The recent announcement that the UK Government has earmarked £100 million to “sequence 100,000 whole genomes of NHS patients at diagnostic quality over the next three to five years” raises a number of questions, with which the Department of Health are no doubt grappling as I write. I’ve previously discussed the thorny issue of using targeted versus whole genome sequencing to maximize diagnostic yield and benefit patients. However, one of the great achievements of next generation sequencing technologies is to make the assay – actually sequencing genome (or some portion of it) – one of the easier parts of clinical genomics. Although laboratories will have to be suitably equipped, staffed and flexibly managed to deal with high sample throughput and ever changing scientific specifications, the biggest challenge will be to implement genomic knowledge in the clinic.
The first most obvious challenge will be data. Lots of data. Decisions will need to be made about format, storage, transfer, management and access. There is little doubt that the computationally heavy work of sequencing, mapping reads and calling variants should only be done once by a suitably equipped provider; raw BAM files are large, cumbersome and of little use to most people. But the much smaller variant (VCF) files could plausibly be stored by the NHS, with an fully auditable, versioned record of the analytical packages used to create them. (What one algorithm today calls a SNP, a different algorithm may tomorrow call an indel, and that’s without the issue of changing reference genomes…). But what next? Assuming these files can be generated, stored and transferred to the relevant place, how are we going to use them to answer clinical questions?
The next challenge is variant filtering and targeting. Individual genomic data contains thousands and thousands of variants with very different properties – ranging from common to rare, and from irrelevant to disastrous – making it very difficult to interpret. Determining the clinical effect of a single variant can be challenging even for just one gene, never mind a whole genome! The only way to get from a whole genome to a diagnosis is to assess the variants based on population prevalence and disease relevance. Both require databases of genetic variation against which to compare and score each variant. But this will only get you so far. The analysis also needs to be targeted at genes or variants of relevance to each clinical question, which requires detailed phenotypic information about the patient.
Importantly, the level of targeting possible is directly related to the depth of phenotyping. Which will itself be a challenge. Provided with a specific phenotype like ‘ventricular septal defect’, for example, an automated variant filtering pipeline can pick out just a single causal variant; but with a broad clinical description like ‘developmental delay’, the same pipeline could potentially return hundreds of candidate variants. How should these be handled? Training is not the answer here. Instead, clinicians need to provide detailed phenotype information – using a structured vocabulary like the human phenotype ontology – before they receive any test results. Deep phenotyping is even more crucial for facilitating research to tease out new and meaningful genotype-phenotype associations. However, it requires a major culture change in the way medicine is practiced, and creating a working system will be a Herculean task.
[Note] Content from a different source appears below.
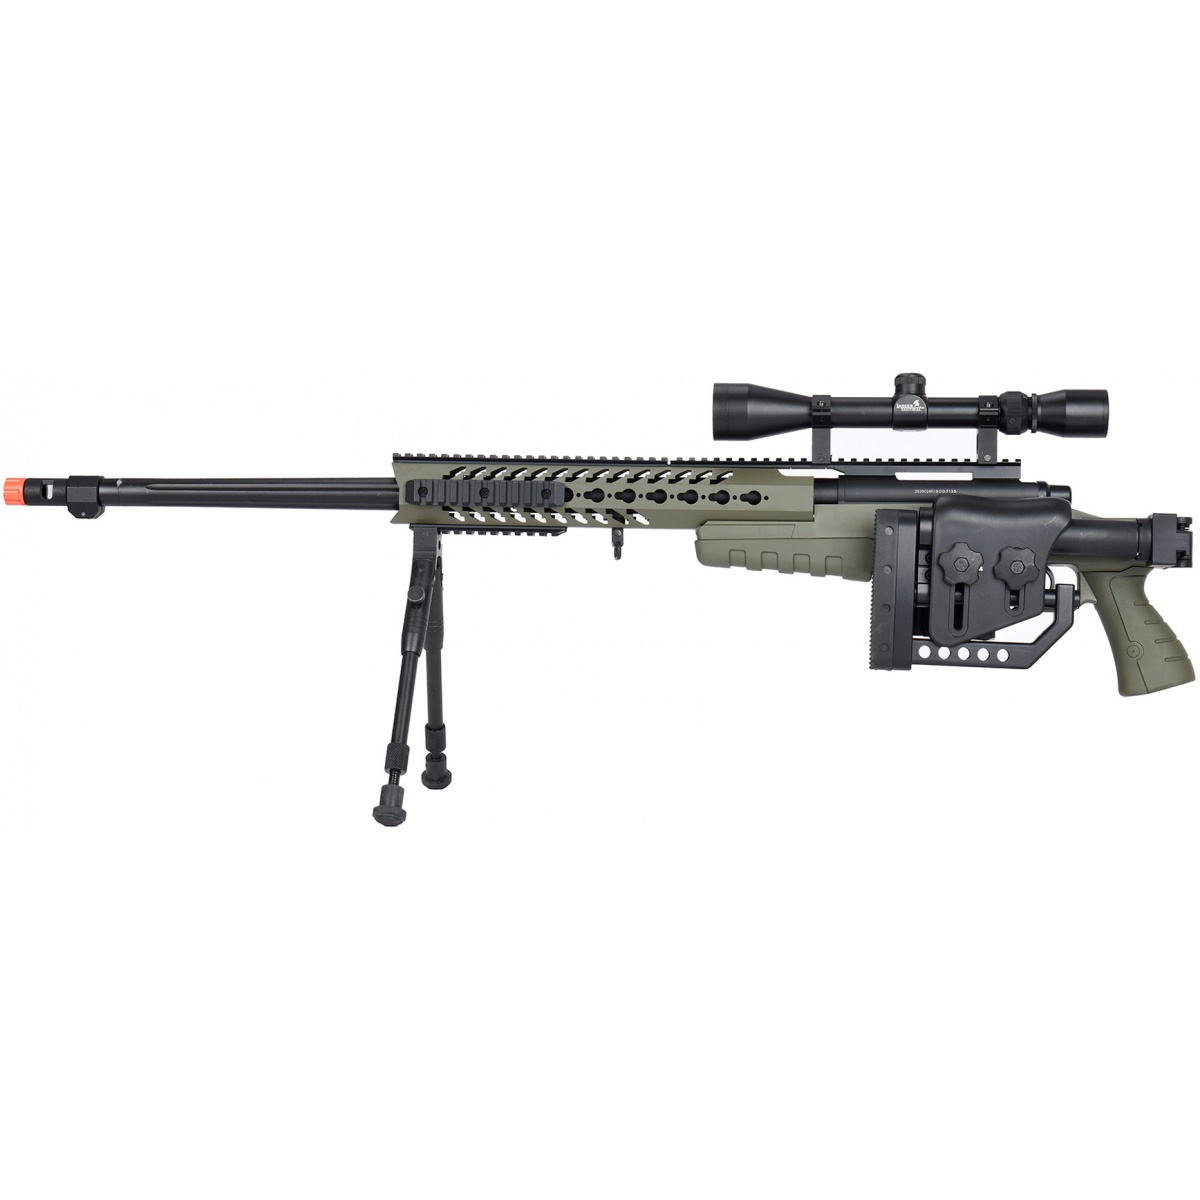 Sniping for Beginners (& Intermediates), WellFire MB4418 Sniper Rifles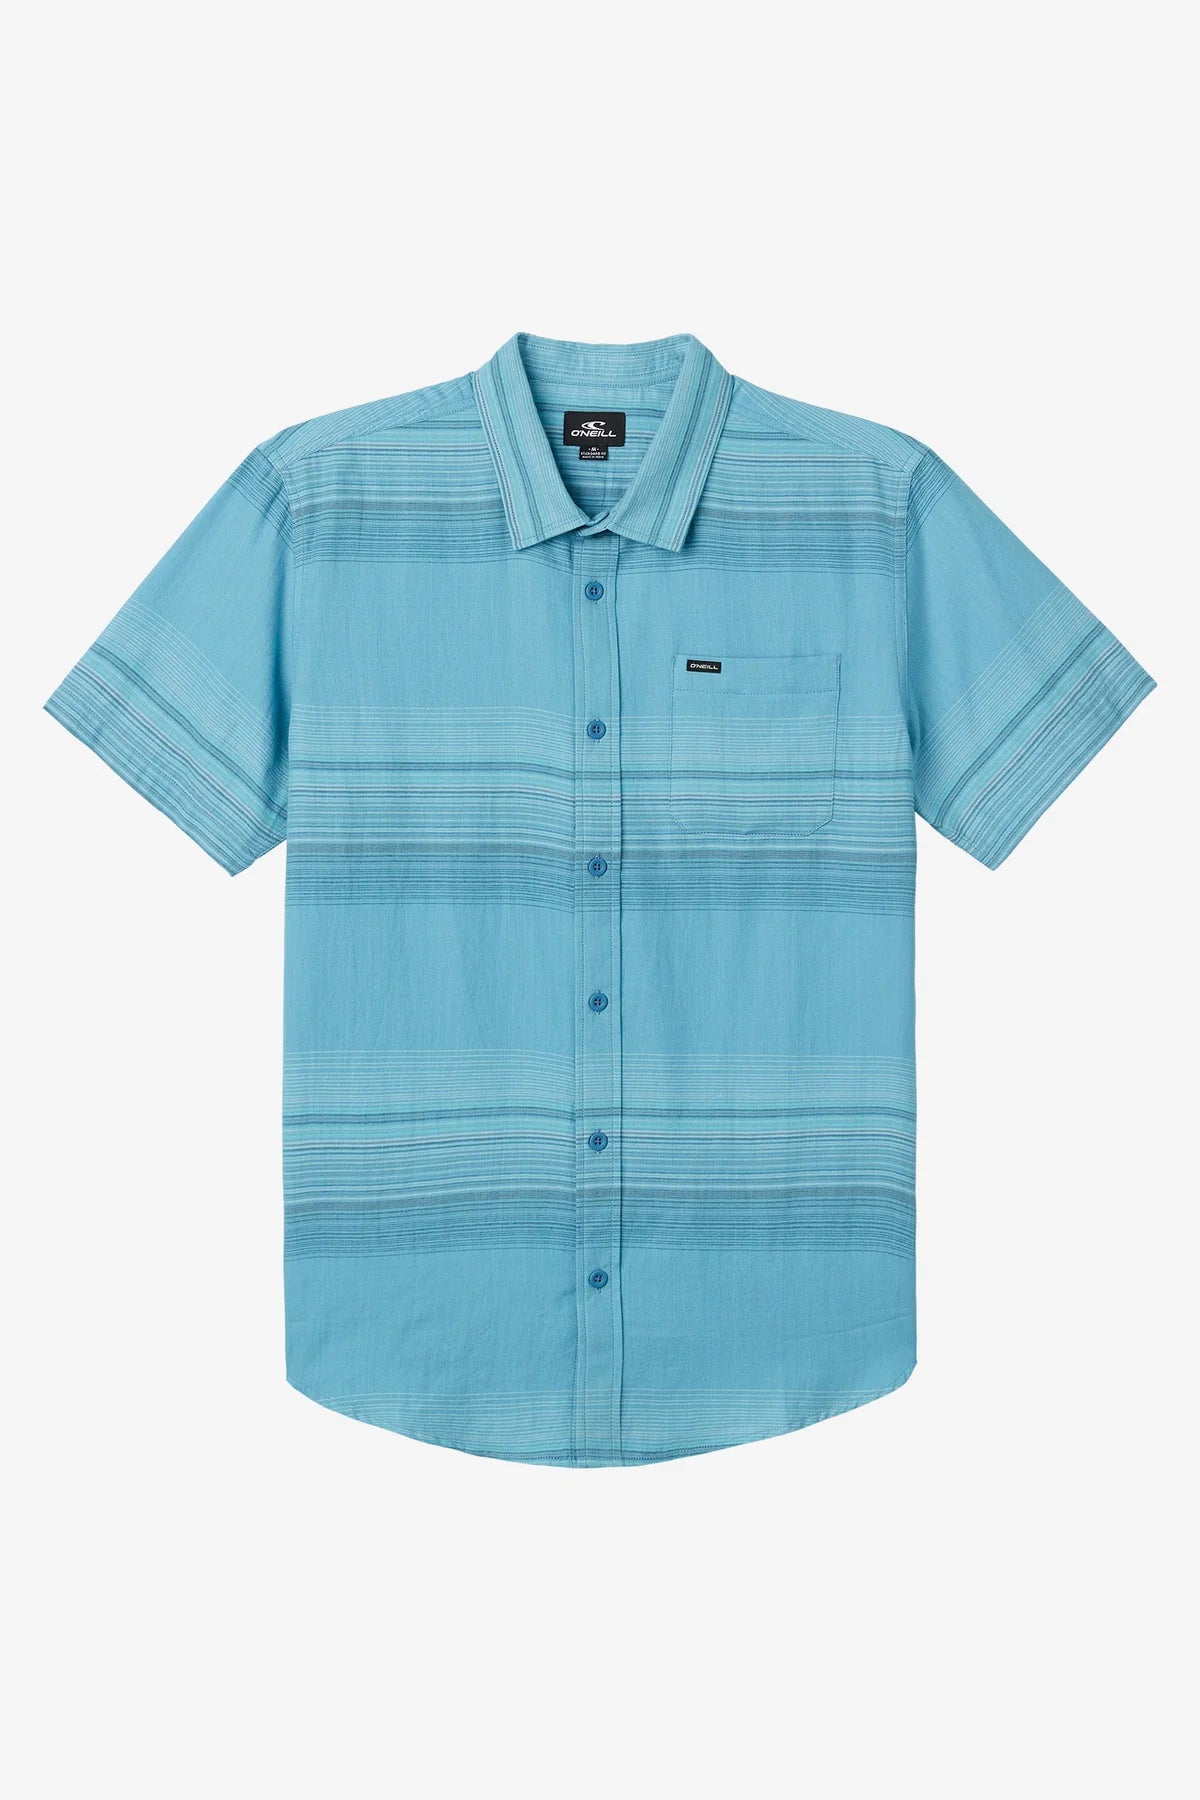 O'Neill Seafaring Stripe Woven Shirt

The final challenge I’m going to outline relates to defining the purpose of this endeavour, as this is key to tackling many of the ethical and legal questions that arise. Is the aim to maximize diagnostic yield, research potential, equality of access or economic benefits? These questions relate to:
- who should be sequenced? (rare intractable conditions vs. diseases with known molecular causes, and individuals vs. families);
- what should be sequenced? (targeted vs. whole genome);
- when they should be sequenced? (first-line diagnostic test vs. last resort); and
- what will the data be used for? (single diagnosis vs. repeated clinically-driven or public health investigations)
Is the aim of this first £100M to pave the way for a new type of medicine? One where genome sequencing is used as a first-line diagnostic test for numerous conditions, where the full list of variants is stored and used time and time again to answer future clinical and public health questions unrelated to the original purpose of testing? Doubtless part of the point of this initiative is to kick-start clinical genome sequencing in the NHS, by creating the necessary informatics architecture and manpower required. It will also generate a rich dataset to enable future research and facilitate clinical interpretation. But since this is primarily a clinical initiative, current NHS patients should benefit too. Which means ensuring both clinical utility and value for money.